Evaluating Multilingual Text Encoders for Unsupervised Cross-Lingual
Retrieval
- URL: http://arxiv.org/abs/2101.08370v1
- Date: Thu, 21 Jan 2021 00:15:38 GMT
- Title: Evaluating Multilingual Text Encoders for Unsupervised Cross-Lingual
Retrieval
- Authors: Robert Litschko and Ivan Vuli\'c and Simone Paolo Ponzetto and Goran
Glava\v{s}
- Abstract summary: We present a systematic empirical study focused on the suitability of the state-of-the-art multilingual encoders for cross-lingual document and sentence retrieval tasks.
For sentence-level CLIR, we demonstrate that state-of-the-art performance can be achieved.
However, the peak performance is not met using the general-purpose multilingual text encoders off-the-shelf', but rather relying on their variants that have been further specialized for sentence understanding tasks.

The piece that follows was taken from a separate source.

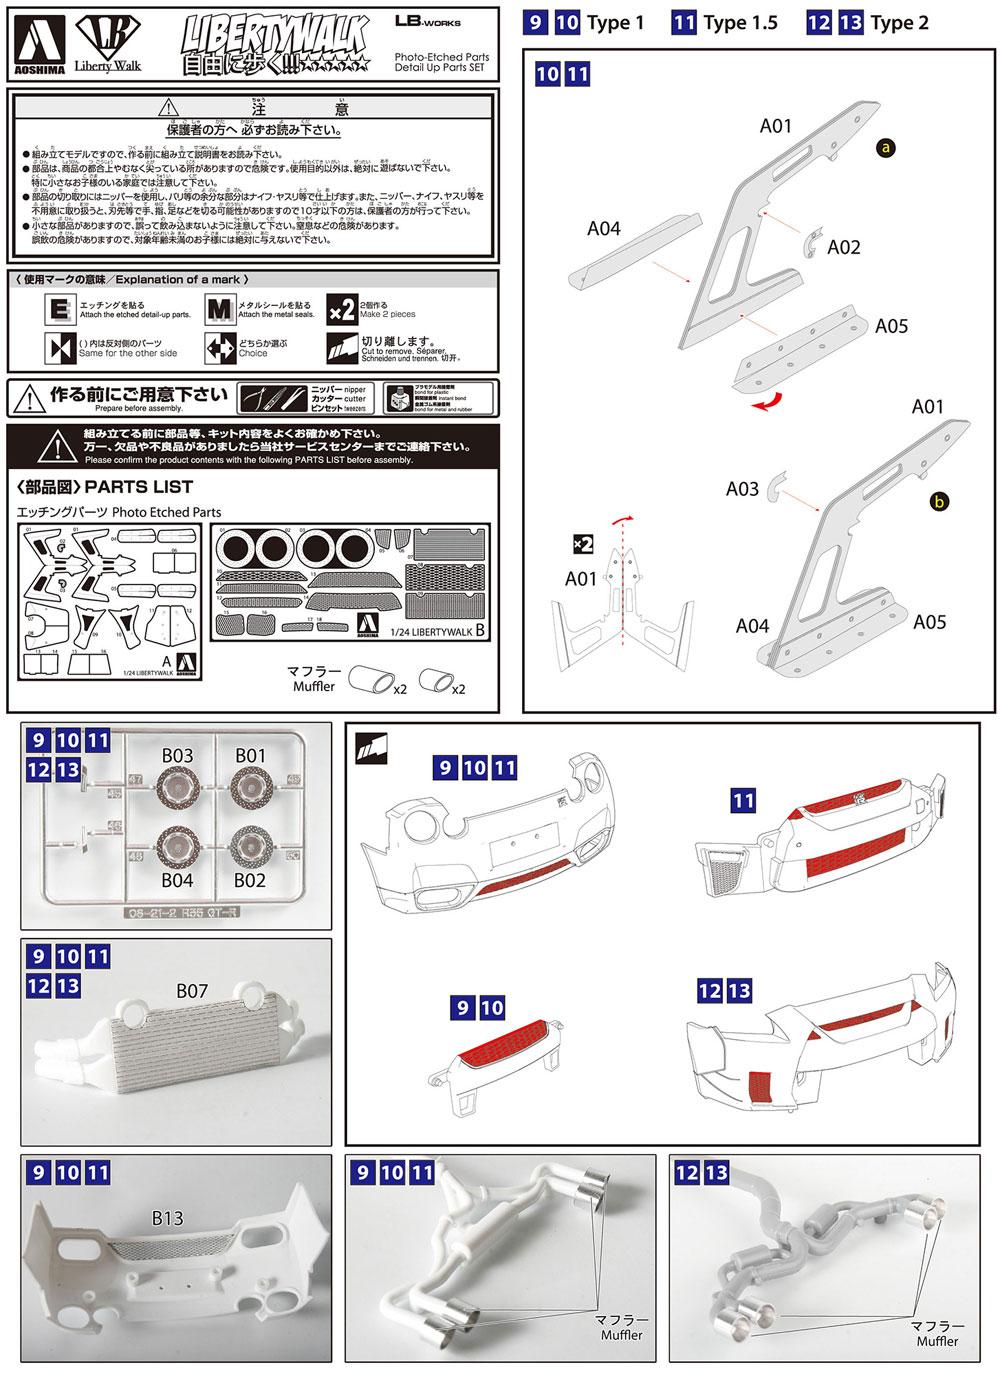 LBワークス R35 GT-R 共通ディテールアップパーツエッチング(アオシマ1/24 リバティウォーク ディテールアップパーツNo.056783)商品画像_2

- Score: 51.60862829942932
- License: http://creativecommons.org/licenses/by-sa/4.0/
- Abstract: Pretrained multilingual text encoders based on neural Transformer
architectures, such as multilingual BERT (mBERT) and XLM, have achieved strong
performance on a myriad of language understanding tasks. Consequently, they
have been adopted as a go-to paradigm for multilingual and cross-lingual
representation learning and transfer, rendering cross-lingual word embeddings
(CLWEs) effectively obsolete. However, questions remain to which extent this
finding generalizes 1) to unsupervised settings and 2) for ad-hoc cross-lingual
IR (CLIR) tasks. Therefore, in this work we present a systematic empirical
study focused on the suitability of the state-of-the-art multilingual encoders
for cross-lingual document and sentence retrieval tasks across a large number
of language pairs. In contrast to supervised language understanding, our
results indicate that for unsupervised document-level CLIR -- a setup with no
relevance judgments for IR-specific fine-tuning -- pretrained encoders fail to
significantly outperform models based on CLWEs. For sentence-level CLIR, we
demonstrate that state-of-the-art performance can be achieved. However, the
peak performance is not met using the general-purpose multilingual text
encoders `off-the-shelf', but rather relying on their variants that have been
further specialized for sentence understanding tasks.